TASK DIRECTIONS
Word for word, output every line of the material below, minus pictures.

RECORDS SHOWN
-=-=-=-=-

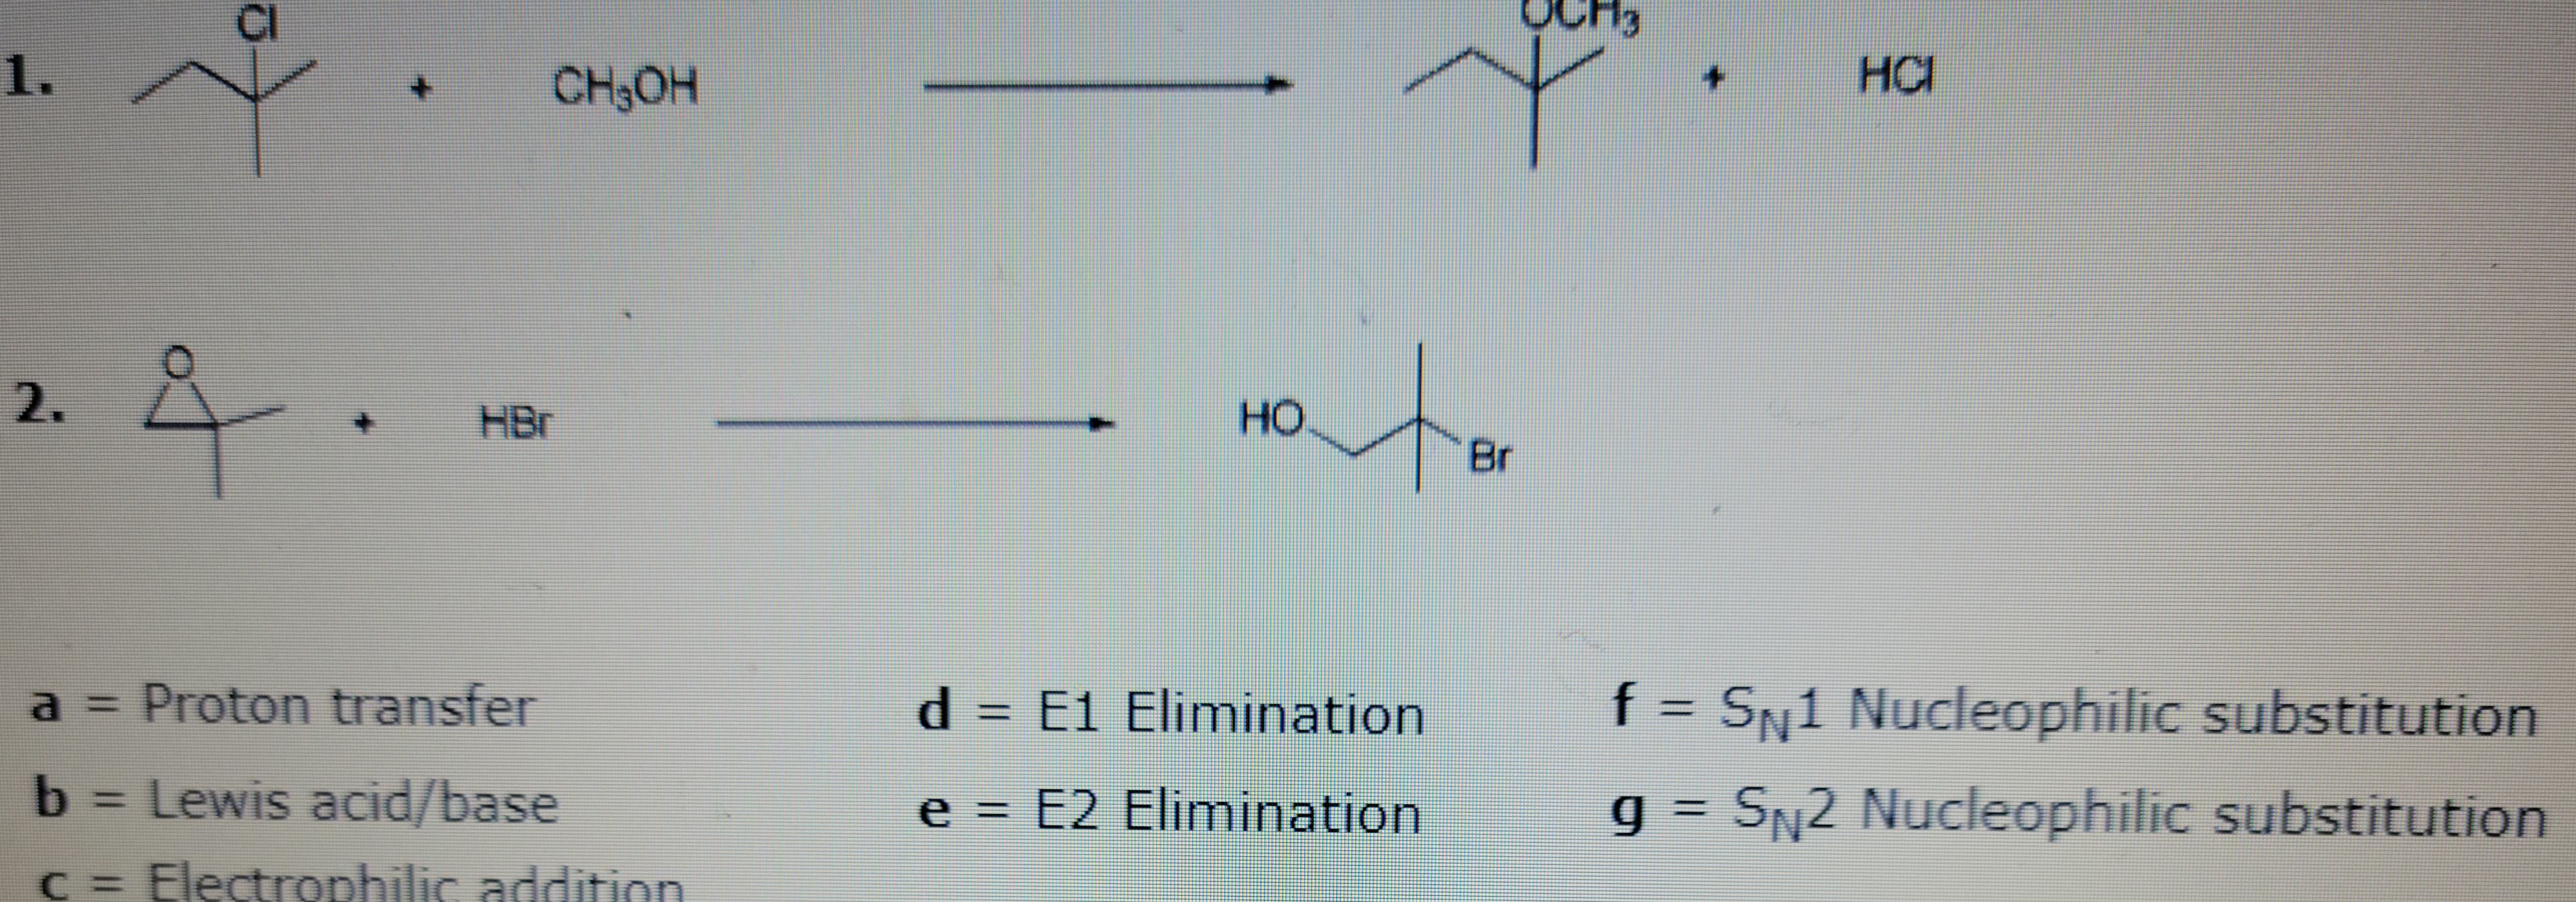 1.
2.
CI
4
+
CH₂OH
a = Proton transfer
b = Lewis acid/base
c = Electrophilic addition
Ÿ
HO
ato
d = E1 Elimination
e = E2 Elimination
HCI
f = SN1 Nucleophilic substitution
g=
SN2 Nucleophilic substitution
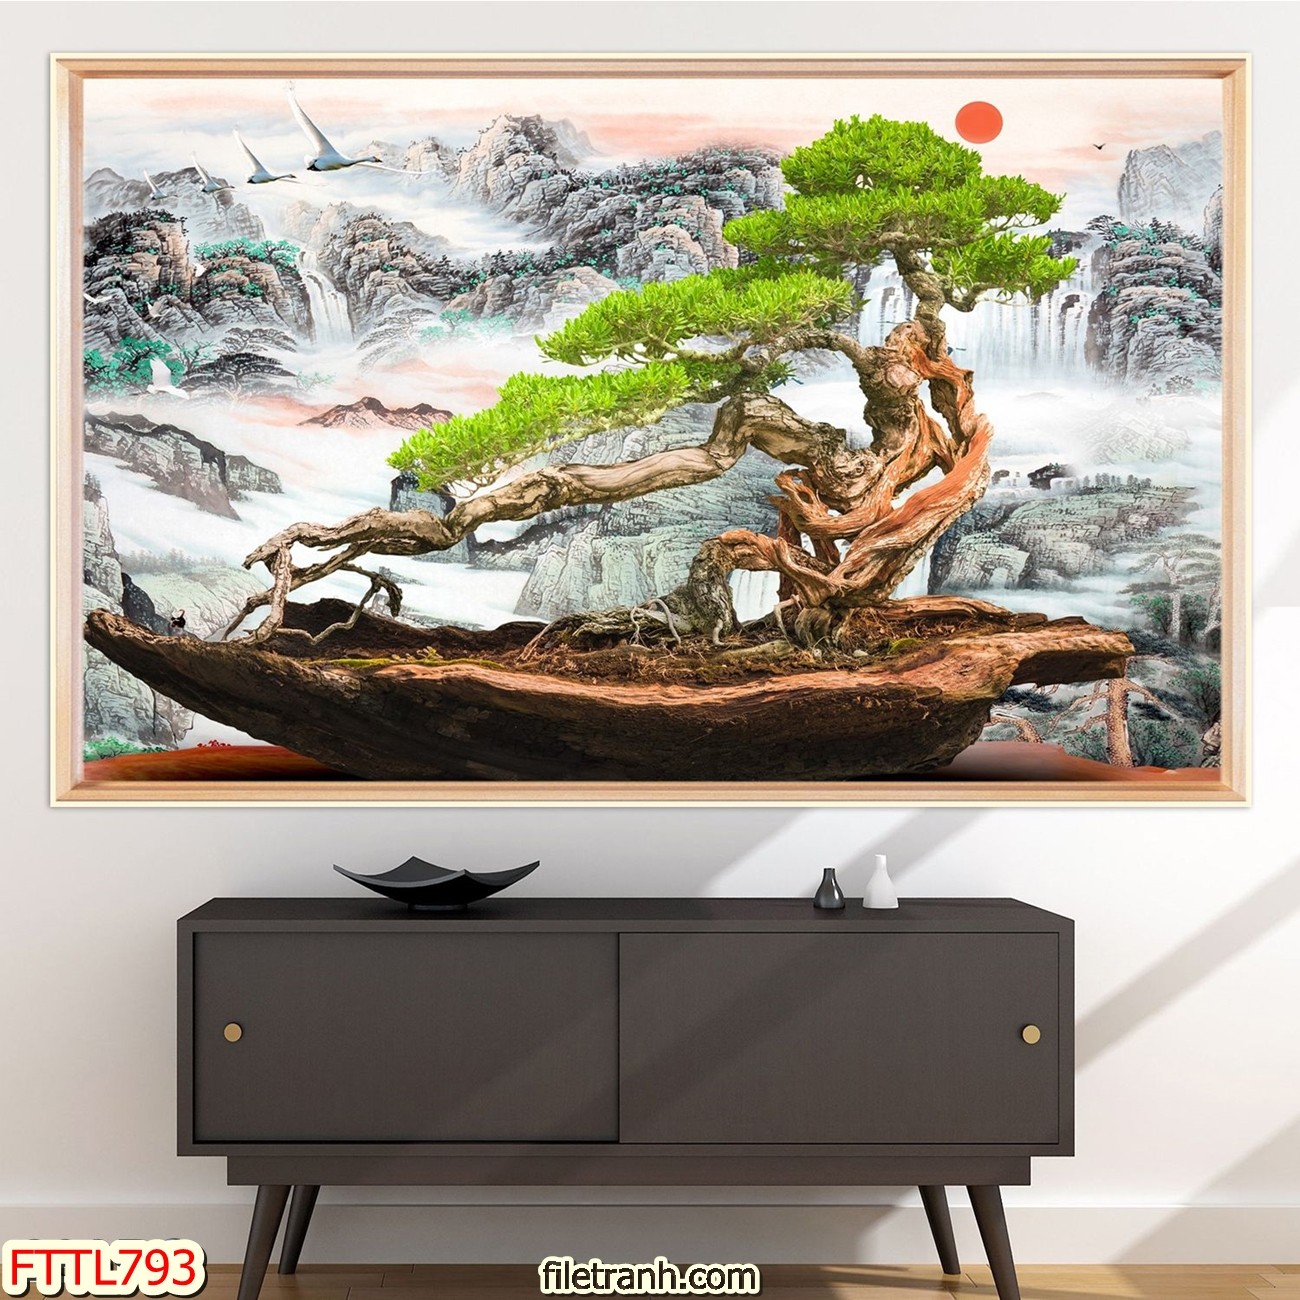 https://filetranh.com/file-tranh-chau-mai-bonsai/file-tranh-chau-mai-bonsai-fttl793.html

-=-=-=-=-

WRITTEN SOLUTION
 1.
2.
CI
4
+
CH₂OH
a = Proton transfer
b = Lewis acid/base
c = Electrophilic addition
Ÿ
HO
ato
d = E1 Elimination
e = E2 Elimination
HCI
f = SN1 Nucleophilic substitution
g=
SN2 Nucleophilic substitution
 https://filetranh.com/file-tranh-chau-mai-bonsai/file-tranh-chau-mai-bonsai-fttl793.html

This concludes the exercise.